A 22-year-old Dallas woman has been sentenced to life in prison for the starvation death of her seven-month-old son in 2014.
Princess White had pleaded guilty to a charge of injury to a child for the December 2014 death of Kary Sharpe.
According to court records, the infant was found unconscious by his biological grandmother. The child later died at the hospital.
“It was horrific,” said child abuse prosecutor Eren Price. “The detective described being able to see every bone in his body through his skin. He had no muscle tone.”
White told detectives that the baby was born at a local hospital in April 2014 and weighed six pounds. She said the baby had been diagnosed as lactose intolerant and that she had been repeatedly instructed to change his formula.
She told police that she had taken the child to all of his check-up appointments, including his two-month checkup and his six-month checkup. However, hospital records showed that the child wasn’t taken in for his six-month appointment.
Hospital records showed that she brought the child into the emergency room in July 2014, stating the infant had not taken a bottle since the day prior and would sometimes throw up after taking a bottle. The child weighed nine pounds, three ounces at the time.

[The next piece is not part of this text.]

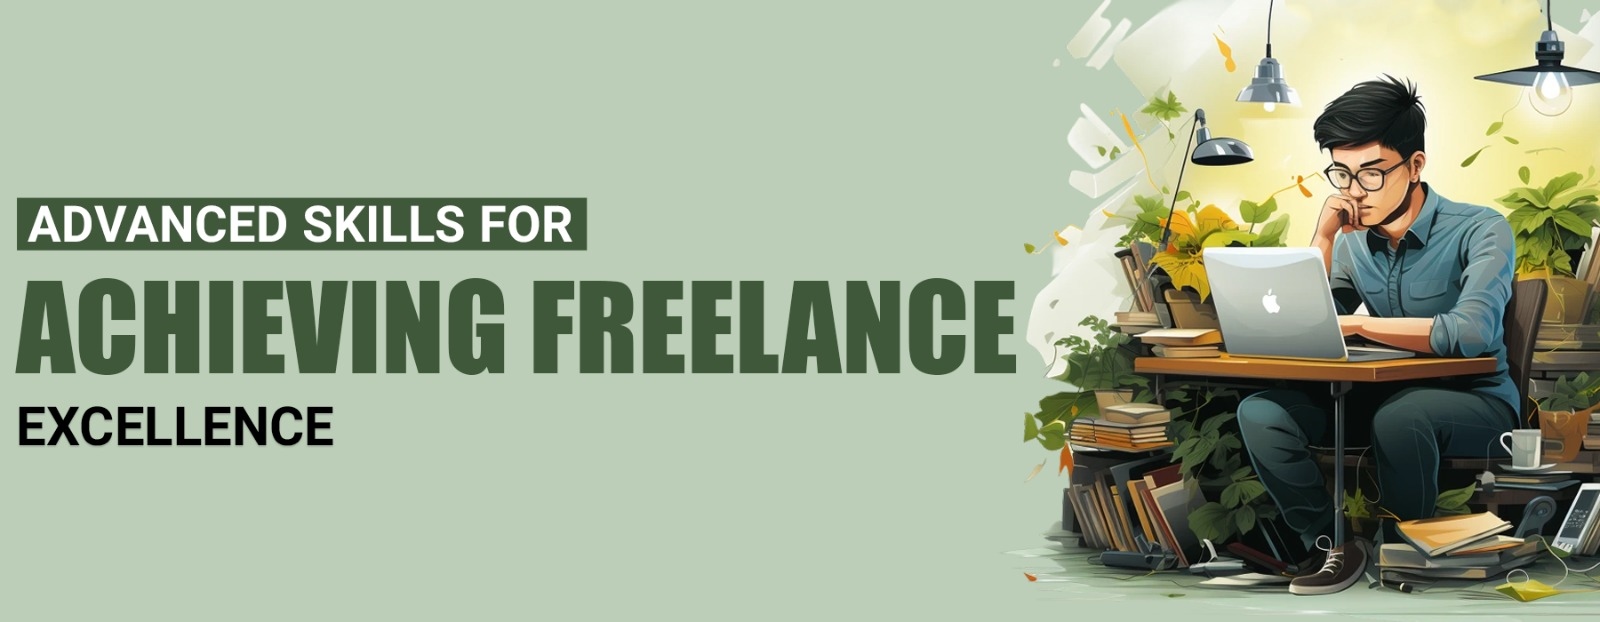 Advanced Skills for Achieving Freelance Excellence

She left before the child could be evaluated by a doctor.
At the time of his death, the baby weighed only seven pounds – just a few ounces more than what he weighed at birth.
Investigators found cans of milk-based formula, but no cans of soy-based formula, during a search of her apartment.
White, who had two other children, testified that raising three children was a struggle for her to work and pay the bills. Prosecutors pointed out that White had supportive extended family who would have helped her if only she had asked.
She had an open CPS case, but did not participate in the services she was offered. White also failed to take the infant to the WIC office so he could be examined in November 2014. When she missed the appointed, she lost her WIC benefits.
“She could have taken advantage of support but she didn’t and she lied when confronted about it,” Price said. “I argued her lies showed us that the starvation was intentional. She knew what she was doing and it was not mistake at all.”
In sentencing White, District Judge Theresa Hawthorne told her that she was sickened by the way that she had allowed her own child to suffer. Hawthorne also chastised several of White’s relatives, including White’s mother, who were living in the apartment, for doing nothing to stop the child from starving to death.